通过最小化式(5),可以直接得到离散哈希码矩阵$\mathit{\boldsymbol{B}} $的最优解,作为自监督信息指导深度哈希函数的训练。

2.2 成对损失函数

为保证生成高质量的哈希码,定义成对标签相似矩阵$\mathit{\boldsymbol{S}}′ $

$ {\mathit{\boldsymbol{S}}^\prime } = 2\mathit{\boldsymbol{S}} - {\bf{1}} $

$s_{i j}^{\prime}=1$表示两幅图像相似,$s_{i j}^{\prime}=-1$表示两幅图像不相似。对于一对哈希码$\boldsymbol{b}_{i}$$\boldsymbol{b}_{j}$而言,汉明距离dist($\boldsymbol{b}_{i}$, $\boldsymbol{b}_{j}$)与内积$\left\langle\boldsymbol{b}_{i}, \boldsymbol{b}_{j}\right\rangle$存在良好的线性关系,即$\operatorname{dist}\left(\boldsymbol{b}_{i}, \boldsymbol{b}_{j}\right)=\frac{1}{2}\left(k-\left\langle\boldsymbol{b}_{i}, \boldsymbol{b}_{j}\right\rangle\right)$。由于哈希码距离可以反映图像的相似关系,因此可得$k s_{i j}^{\prime} \approx \boldsymbol{b}_{i} \boldsymbol{b}_{j}^{\mathrm{T}}$。通过最小化成对标签相似矩阵$\mathit{\boldsymbol{S}} $的负对数似然,可以保持连续哈希码之间的相似性。利用成对标签相似矩阵$\mathit{\boldsymbol{S}}′ $保持连续哈希码和离散哈希码之间的相似性,得到成对损失函数$J_{5}$,具体为

$ \begin{gathered} \min \limits_{\boldsymbol{B}, \boldsymbol{H}} J_{5}=-\sum\limits_{s_{i j} \in \boldsymbol{S}}\left(s_{i j} \boldsymbol{\varTheta}_{i j}-\log \left(1+\mathrm{e}^{\boldsymbol{\varTheta}_{i j}}\right)\right)+ \\ \sum\limits_{s_{i j} \in \boldsymbol{S}^{\prime}}\left(\boldsymbol{h}_{i} \boldsymbol{b}_{j}^{\mathrm{T}}-k s_{i j}^{\prime}\right)^{2}+\alpha\|\boldsymbol{B}-\boldsymbol{H}\|_{\mathrm{F}}^{2}+ \\ \beta\|\boldsymbol{H} {\bf{1}}\|_{\mathrm{F}}^{2}+\gamma\|\hat{\boldsymbol{L}}-\boldsymbol{L}\|_{\mathrm{F}}^{2} \\ \text { s. t. } \quad \boldsymbol{B} \in\{-1,+1\}^{n \times k} \\ \qquad\ \ \ \boldsymbol{H} \in[-1,+1]^{n \times k} \end{gathered} $ (6)

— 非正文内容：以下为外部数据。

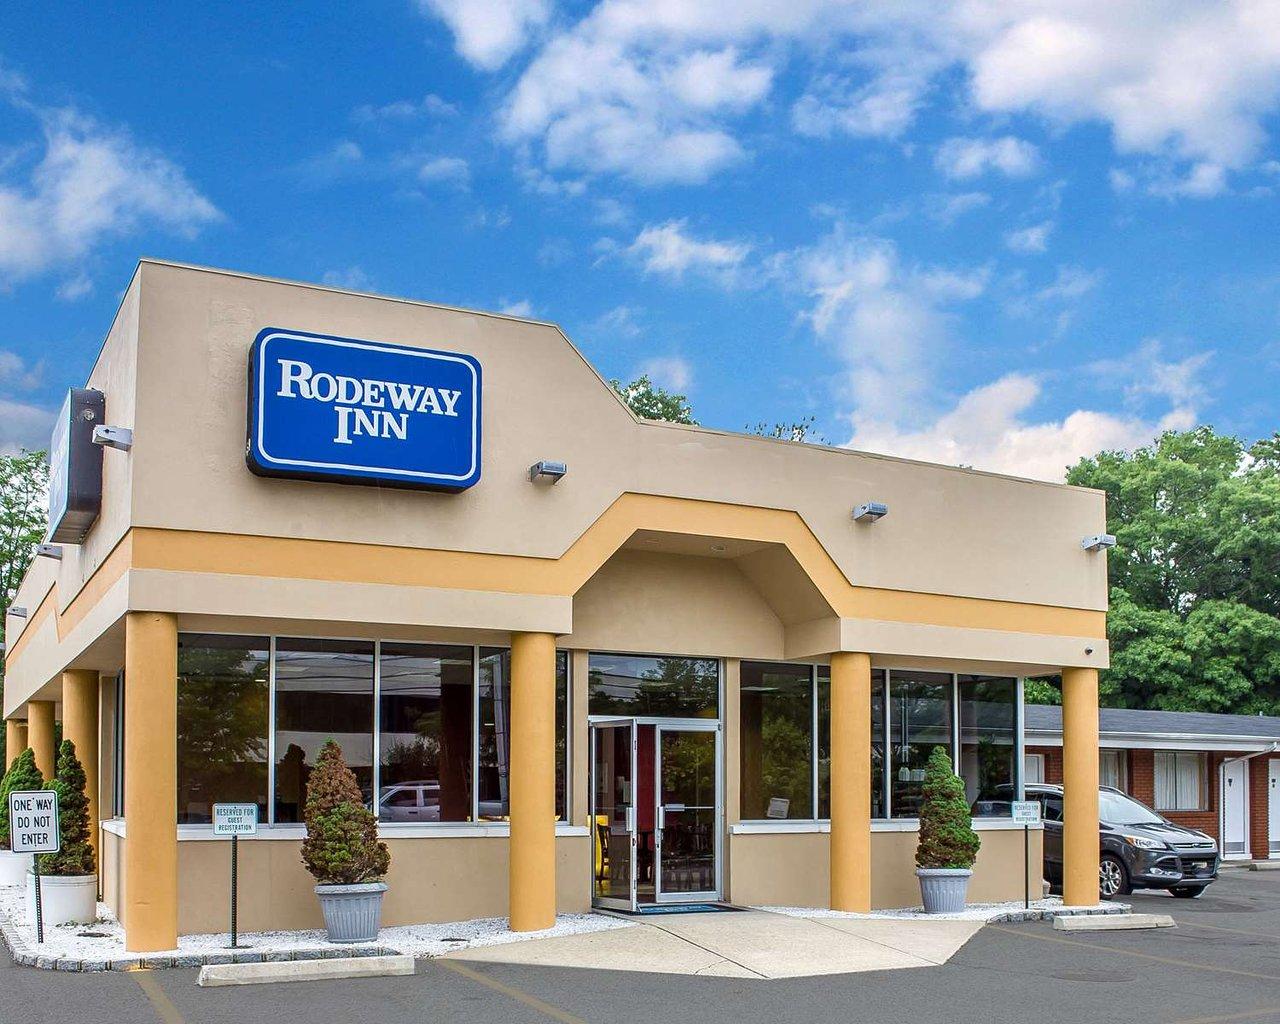 rodeway inn macarthur airport 89 9 9 updated 2019 prices rh tripadvisor com

式中,${\mathit{\boldsymbol{\hat L}}} $为预测的标签矩阵,$ \alpha $$\beta $$ \gamma $为设置的超参数。

显然,最小化式(6)中的前两项,可以使相似图像的哈希码的距离更小,而不相似图像的距离更大。其中$\sum\limits_{s_{i j} \in S^{\prime}}\left(\boldsymbol{h}_{i} \boldsymbol{b}_{j}^{\mathrm{T}}-k s_{i j}^{\prime}\right)^{2}$保持了离散哈希码与连续哈希码之间的相似性。通过优化式(6)的第3项$\alpha\|\boldsymbol{B}-\boldsymbol{H}\|_{\mathrm{F}}^{2}$,可以减小二进制哈希码$\mathit{\boldsymbol{B}} $与连续哈希码$\mathit{\boldsymbol{H}} $的量化误差。根据信息论中熵越大,可以携带的信息越多的理论,式(6)中的第4项$\beta\|H 1\|_{\mathrm{F}}^{2}$F用来平衡二进制码的均匀分布以增加信息容量。当每一位的值等于+1或-1的概率为50%时,即可携带更多的信息,因此,哈希码中所有位的平均值要尽可能接近0。此外,在SSDDH网络的最后一层中,除了$k$个用于哈希编码的结点外,添加了$c$个用于预测图像标签的结点。通过最小化式(6)中第5项$\gamma\|\hat{\boldsymbol{L}}-\boldsymbol{L}\|_{\mathrm{F}}^{2}$,确保学习到更准确的图像特征表示矩阵$ \mathit{\boldsymbol{F}}$

2.3 目标损失函数以及算法求解

如上所述,SSDDH的总体目标函数定义为

$ \begin{gathered} \min \limits_{\theta, \boldsymbol{B}, \boldsymbol{U}, \boldsymbol{W}} J=J_{4}+J_{5}= \\ \left\|\boldsymbol{F}-\boldsymbol{B} \boldsymbol{U}^{\mathrm{T}}\right\|_{\mathrm{F}}^{2}+\left\|\boldsymbol{L}-\boldsymbol{B} \boldsymbol{W}^{\mathrm{T}}\right\|_{\mathrm{F}}^{2}- \\ \sum\limits_{s_{i j} \in \boldsymbol{S}}\left(s_{i j} \boldsymbol{\varTheta}_{i j}-\log \left(1+\mathrm{e}^{\boldsymbol{\varTheta}_{i j}}\right)\right)+ \\ \left\|\boldsymbol{H} \boldsymbol{B}^{\mathrm{T}}-k \boldsymbol{S}^{\prime}\right\|_{\mathrm{F}}^{2}+\alpha\|\boldsymbol{B}-\boldsymbol{H}\|_{\mathrm{F}}^{2}+ \\ \beta\|\boldsymbol{H} {\bf{1}}\|_{\mathrm{F}}^{2}+\gamma\|\hat{\boldsymbol{L}}-\boldsymbol{L}\|_{\mathrm{F}}^{2} \\ \text { s. t. } \quad \boldsymbol{B} \in\{-1,+1\}^{n \times k} \end{gathered} $ (7)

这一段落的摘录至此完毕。